Relativity does not just apply in economic decision-making but is, in fact, a fundamental principle of how our brains operate. Everything we experience is a relative process. When something seems hotter, louder, brighter, smellier or sweeter, that experience is one of relative judgement. Every change in the environment registers as a change in neural activity. At the very basic level of neural connections, this is registered as the relative change in the rate of impulses firing. In the early experiments in which scientists recorded the electrical activity of a single neuron, they inserted an electrode to measure the electrical impulses of the cell and played it through loudspeakers. When inactive, one could hear the occasional click of the background activity of the neuron as the occasional impulse was triggered. However, as soon as some stimulus was presented that excited the neuron, the clicks would register like the rapid fire of a Gatling gun.
This is how our brains interpret the world. When a change in the environment occurs, there is a relative increase or decrease in the rate at which the neurons fire, which is how intensity is coded. Furthermore, relativity operates to calibrate our sensations. For example, if you place one hand in hot water and the other in iced water for some time before immersing them both into lukewarm water, you will experience conflicting sensations of temperature because of the relative change in the receptors registering hot and cold. Although both hands are now in the same water, one feels that it is colder and the other feels warmer because of the relative change from prior experience. This process, called ‘adaptation’, is one of the organizing principles operating throughout the central nervous system. It explains why you can’t see well inside a dark room if you have come in from a sunny day. Your eyes have to become accustomed to the new level of luminance.

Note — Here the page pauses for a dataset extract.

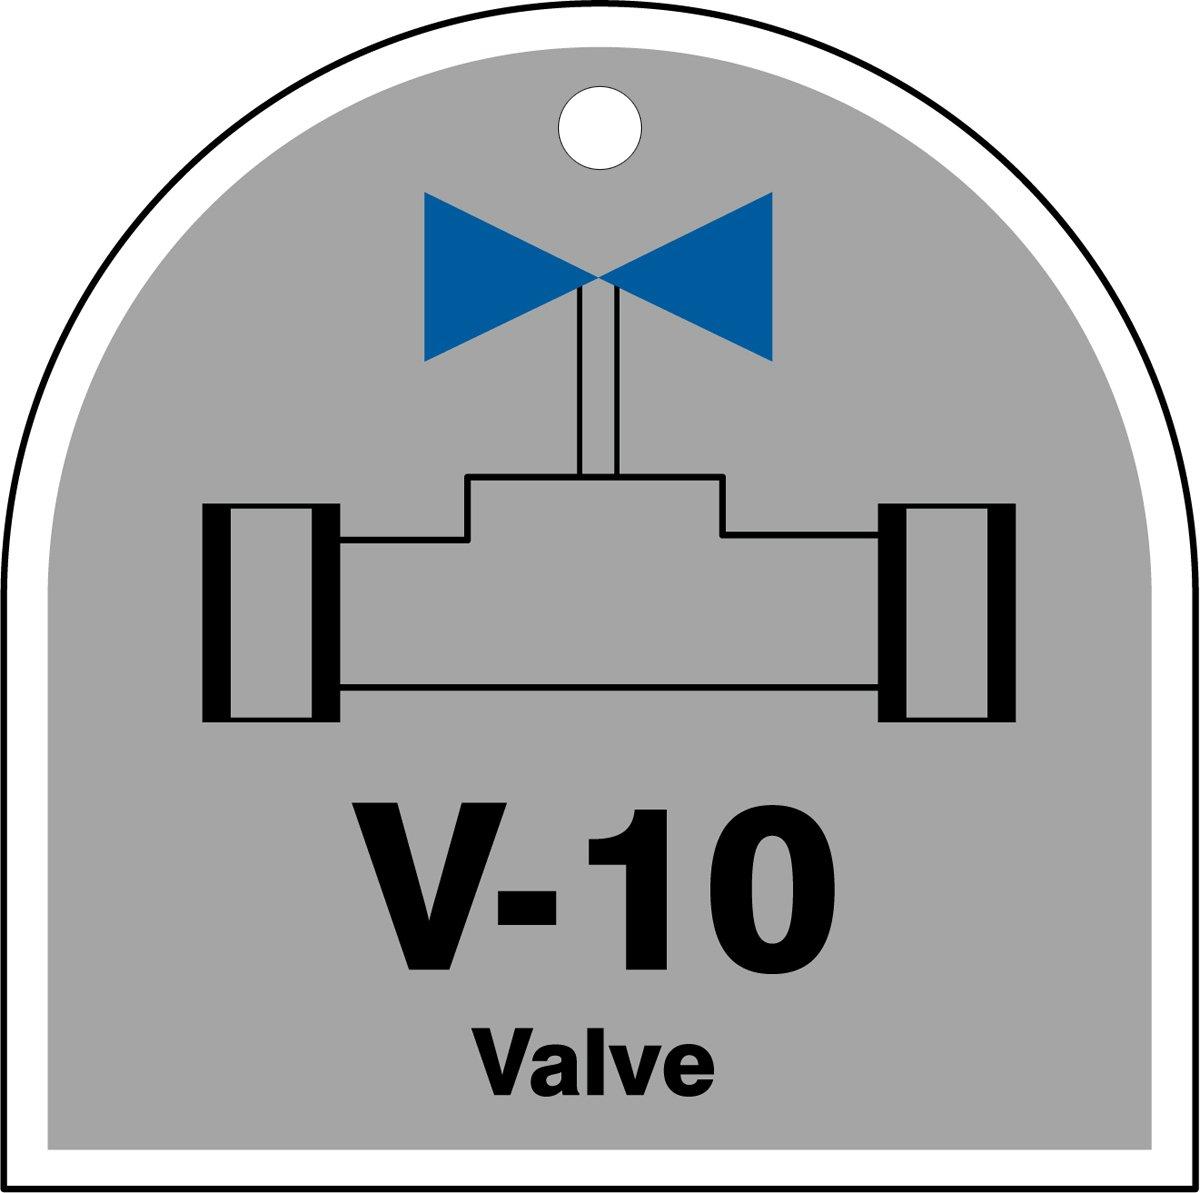 Accuform TDJ210VPE PlasticV-10 Valve Energy Source Shape ID Tag Black//Blue//White on Gray 2-1//2 W x 2-1//2 L 2-1//2 W x 2-1//2 L
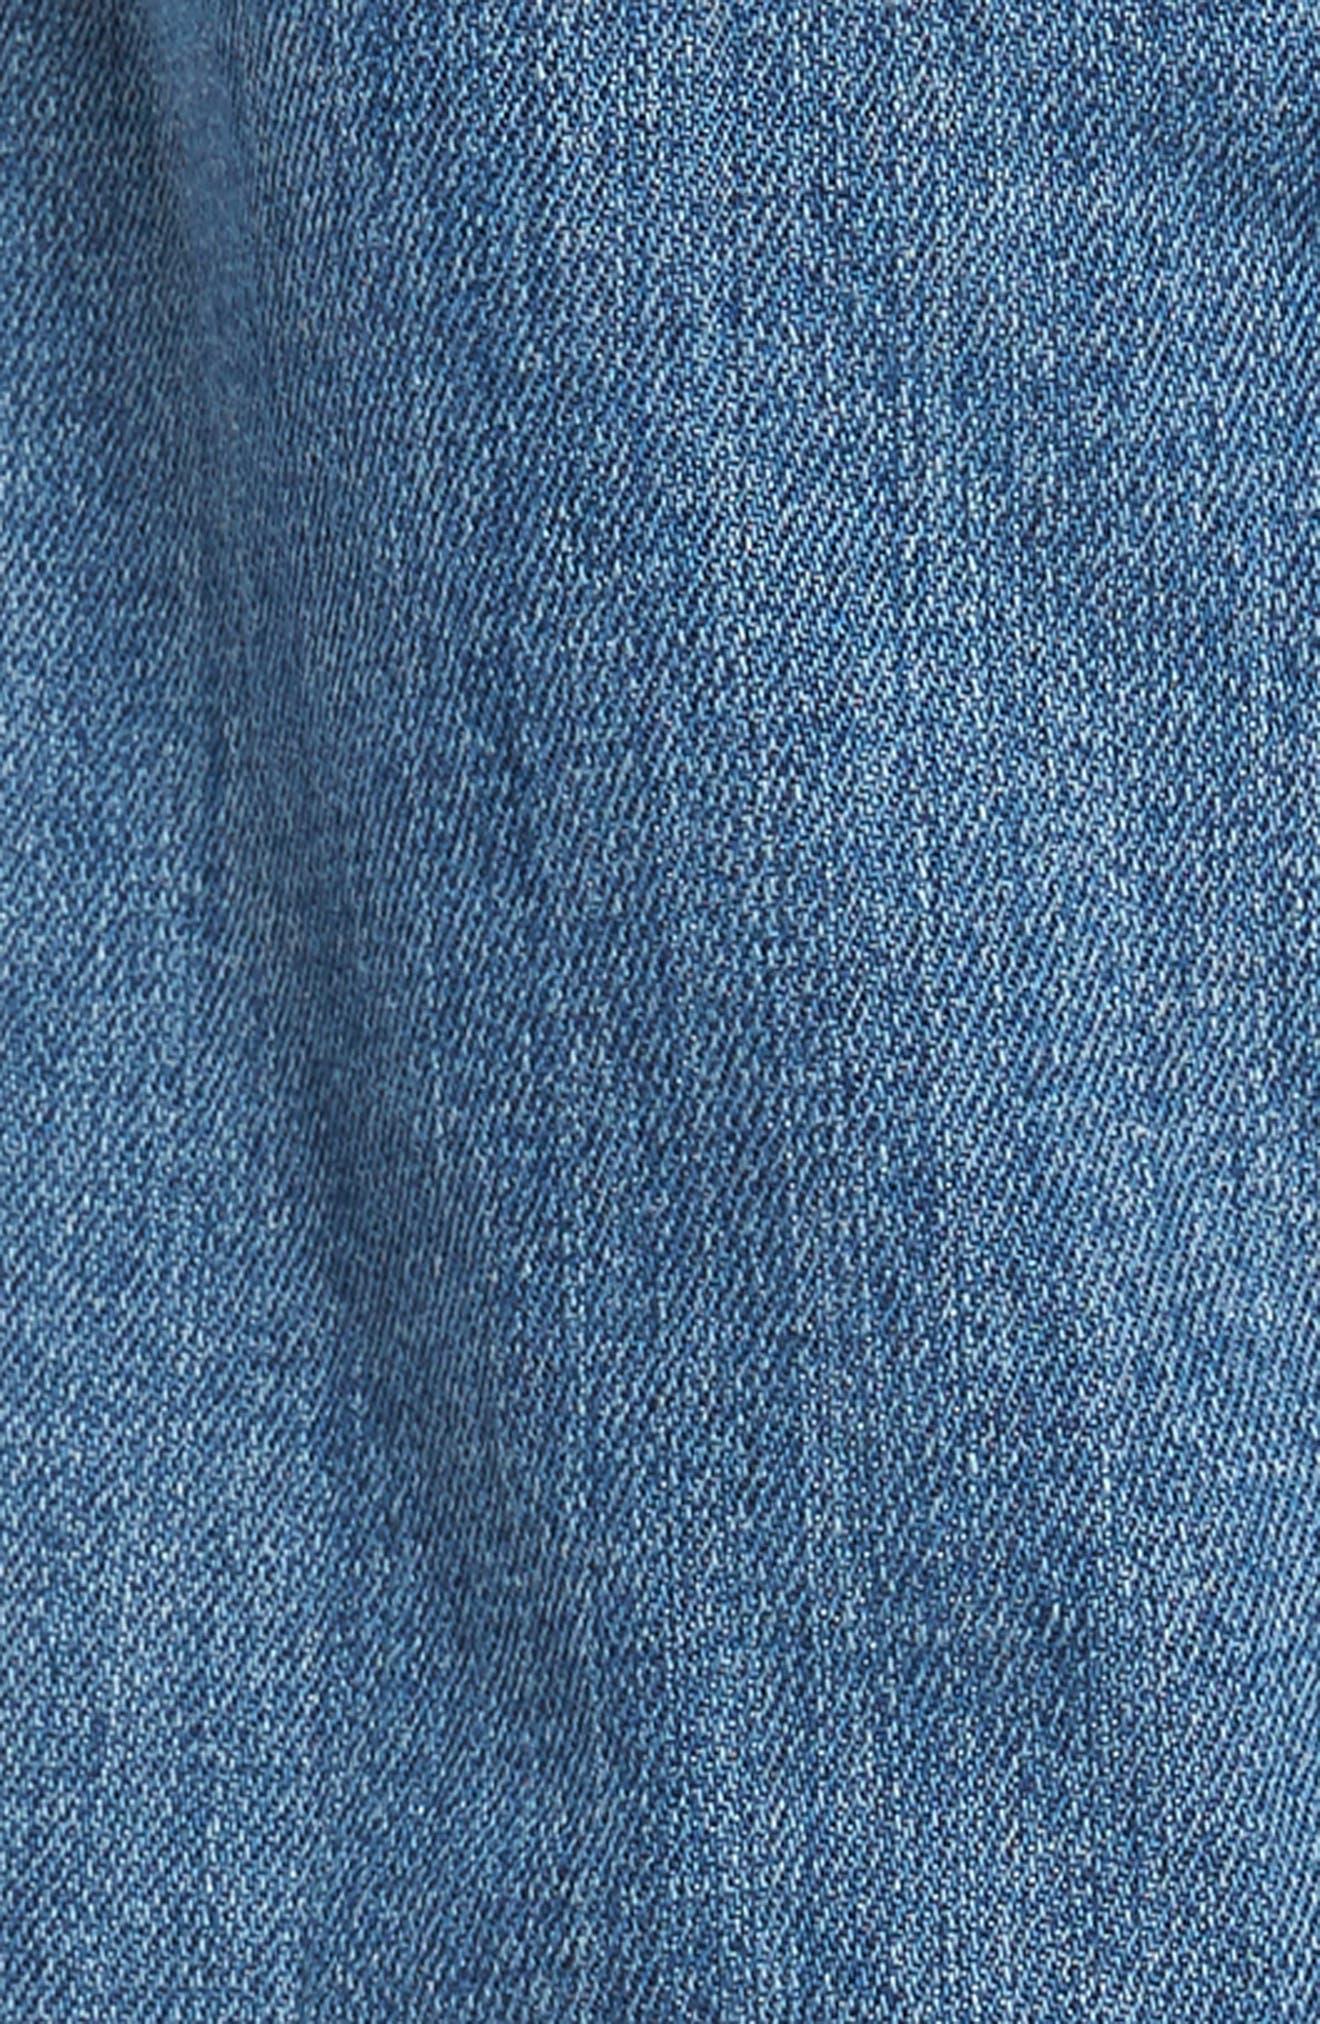 Clark Slim Straight Fit Jeans,                             Alternate thumbnail 5, color,

Adaptation explains why apples taste sour after eating sweet chocolate and why traffic seems louder in the city if you normally live in the country. In short, all of the experiences we have are relative.
In fact, your sense of happiness and achievement is based on how you compare your self to others. Ariely cites the observation by the American satirist H. L. Mencken that a man is satisfied so long as he is earning more than his brother-in-law. I expect this holds true for sister-in-laws as well because relatives are the closest individuals with whom we can compare our fortunes. Relativity also explains why people become discontented when they learn that their colleagues earn a higher salary. Industrial disputes are less about wages and more about what others in the company are earning in comparison. When we discovered what the bankers were earning during the recent financial crisis, the general public was outraged. The bankers could not see the problem with their high salaries and bonuses because they were comparing themselves to other bankers who were prospering.